◆ EXERCISE DIRECTIONS
Transcribe the data as written, minus images.

◆ SUPPLIED DATA
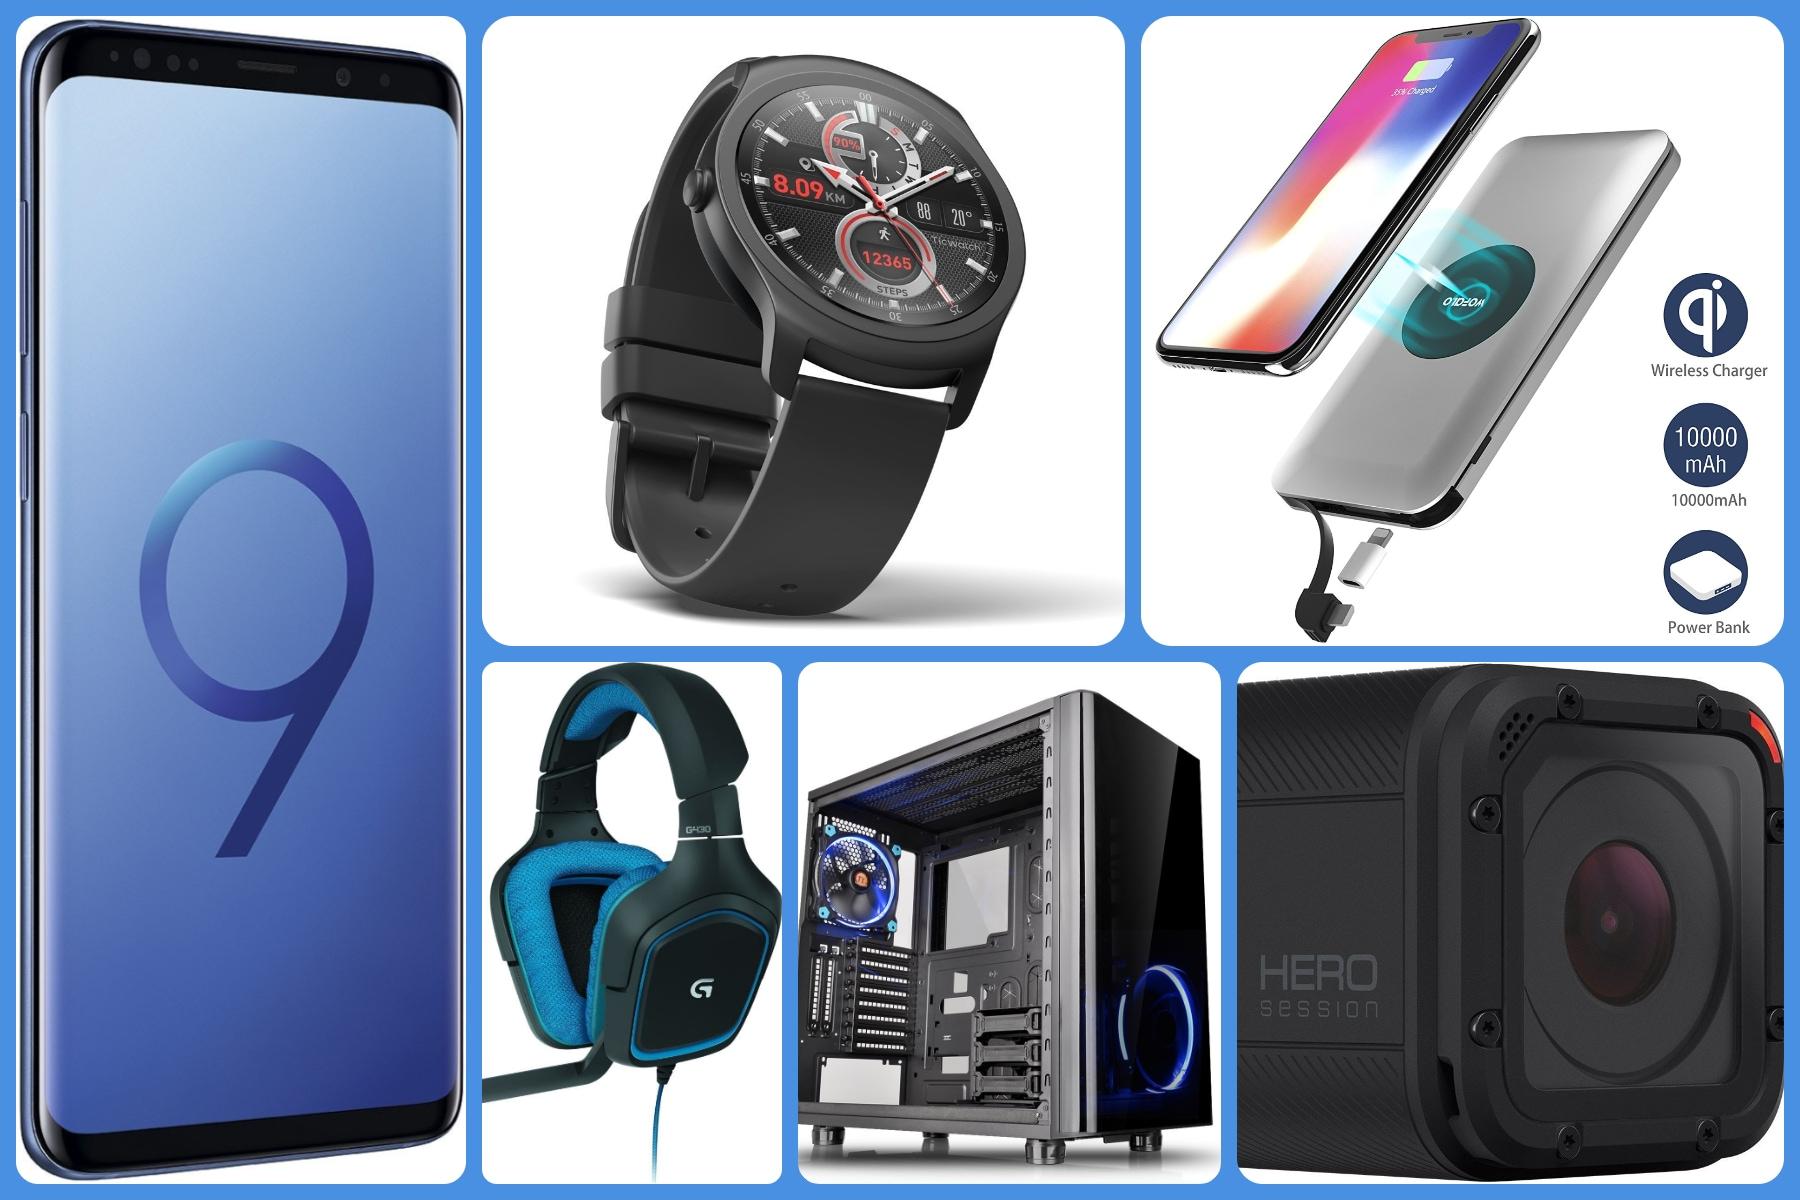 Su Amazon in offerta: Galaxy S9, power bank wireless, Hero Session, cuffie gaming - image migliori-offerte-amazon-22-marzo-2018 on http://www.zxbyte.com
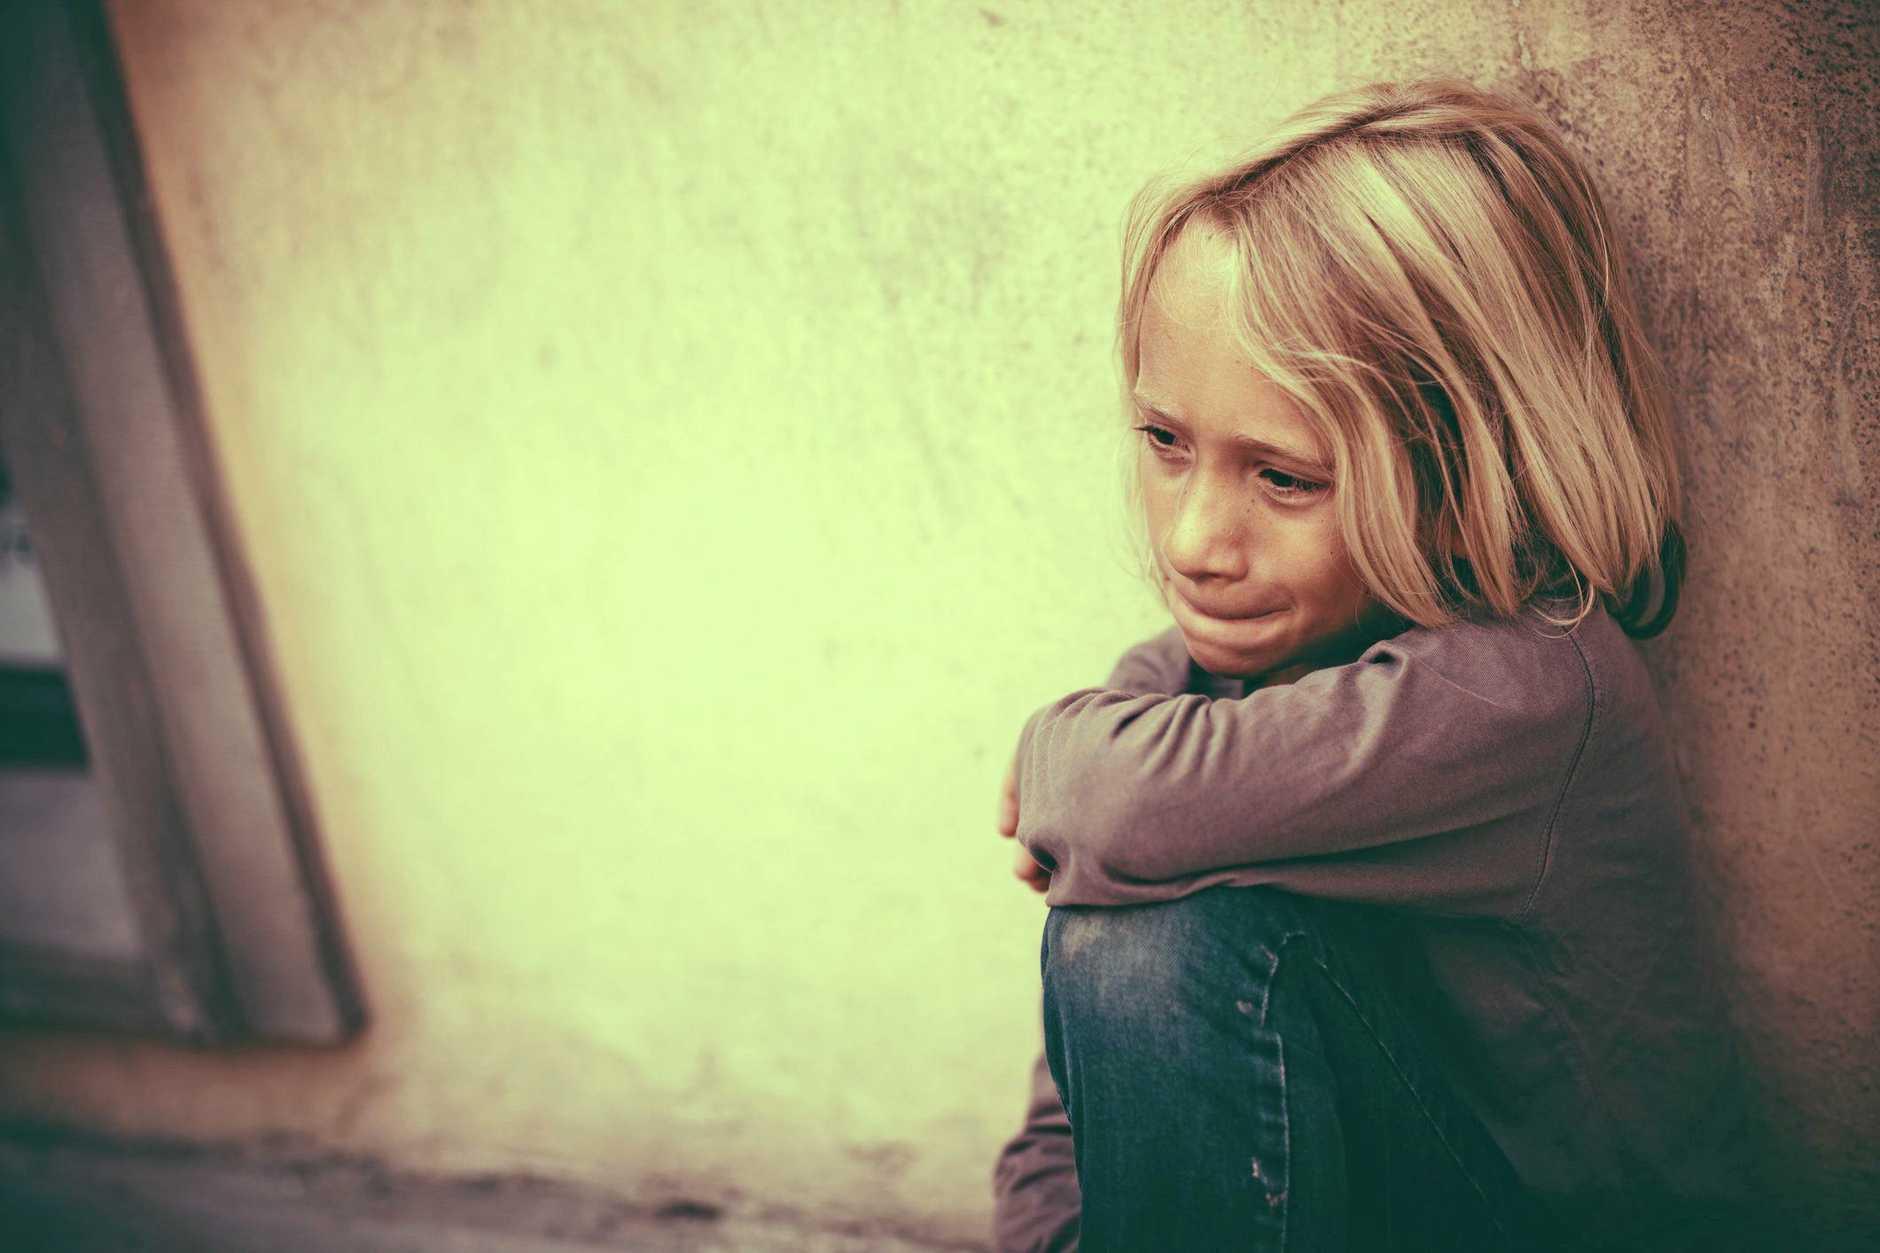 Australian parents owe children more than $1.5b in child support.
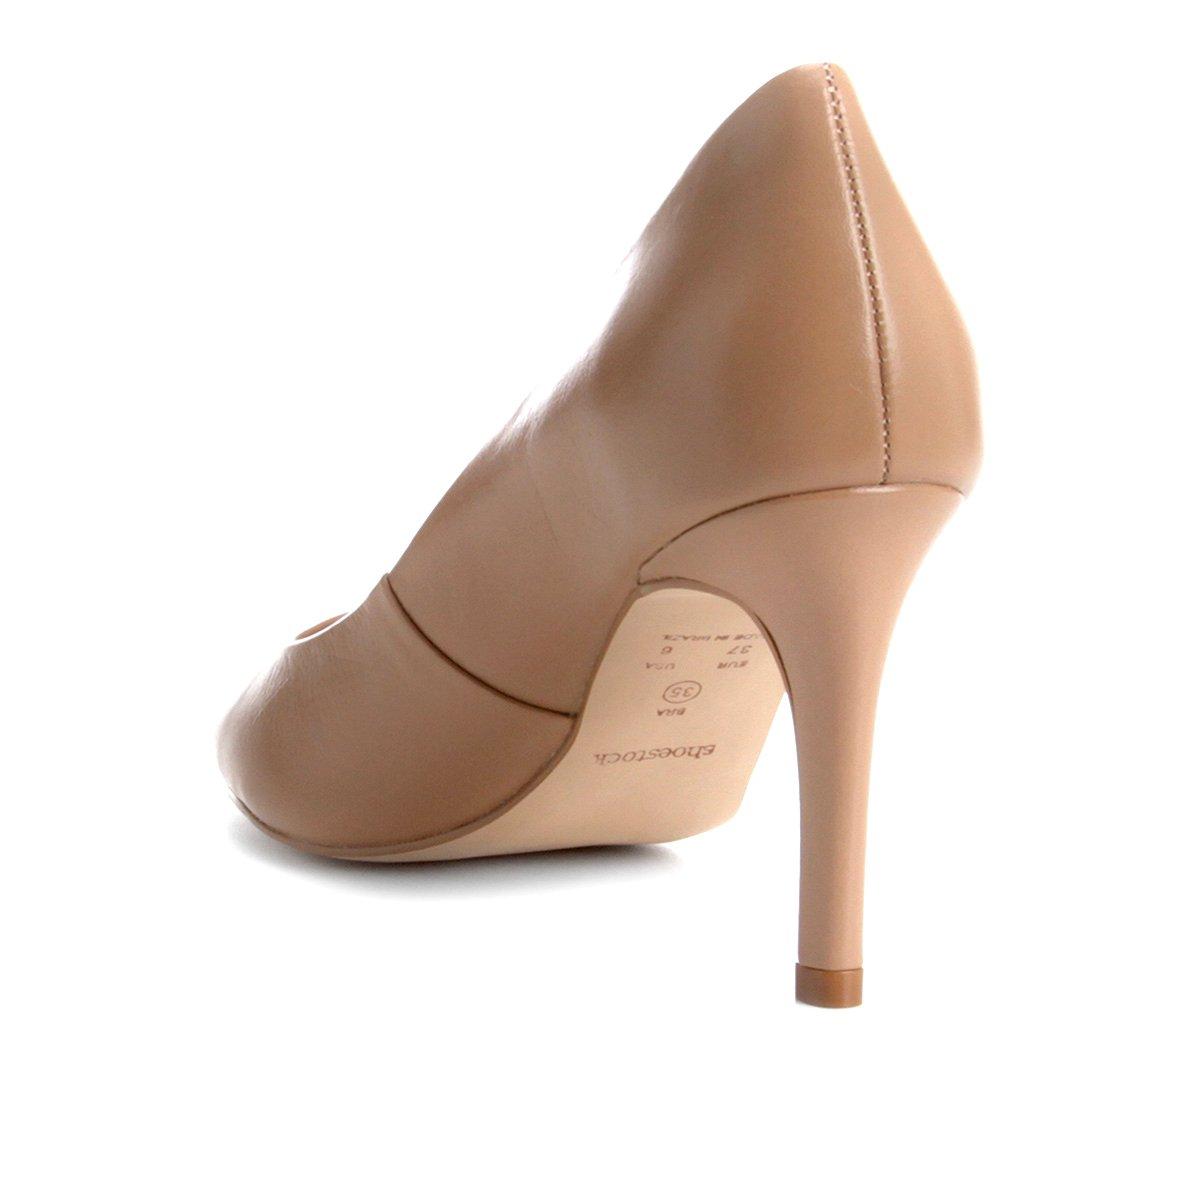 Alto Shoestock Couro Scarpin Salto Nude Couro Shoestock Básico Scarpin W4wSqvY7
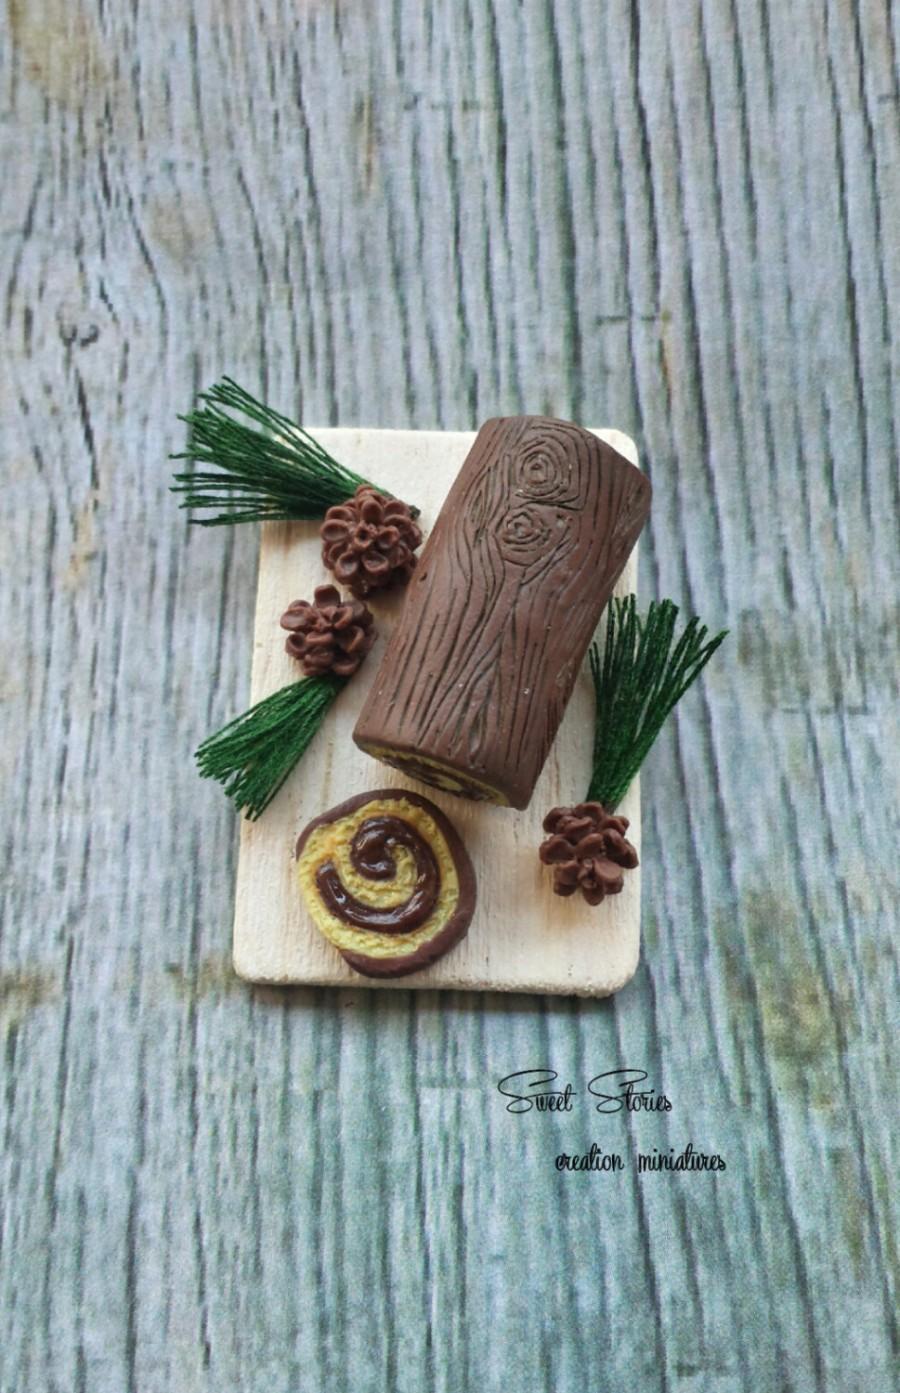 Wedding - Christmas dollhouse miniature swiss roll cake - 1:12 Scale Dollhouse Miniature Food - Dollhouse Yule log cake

◆ SOLUTION FOR THIS TASK
 Su Amazon in offerta: Galaxy S9, power bank wireless, Hero Session, cuffie gaming - image migliori-offerte-amazon-22-marzo-2018 on http://www.zxbyte.com
 Australian parents owe children more than $1.5b in child support.
 Alto Shoestock Couro Scarpin Salto Nude Couro Shoestock Básico Scarpin W4wSqvY7
 Wedding - Christmas dollhouse miniature swiss roll cake - 1:12 Scale Dollhouse Miniature Food - Dollhouse Yule log cake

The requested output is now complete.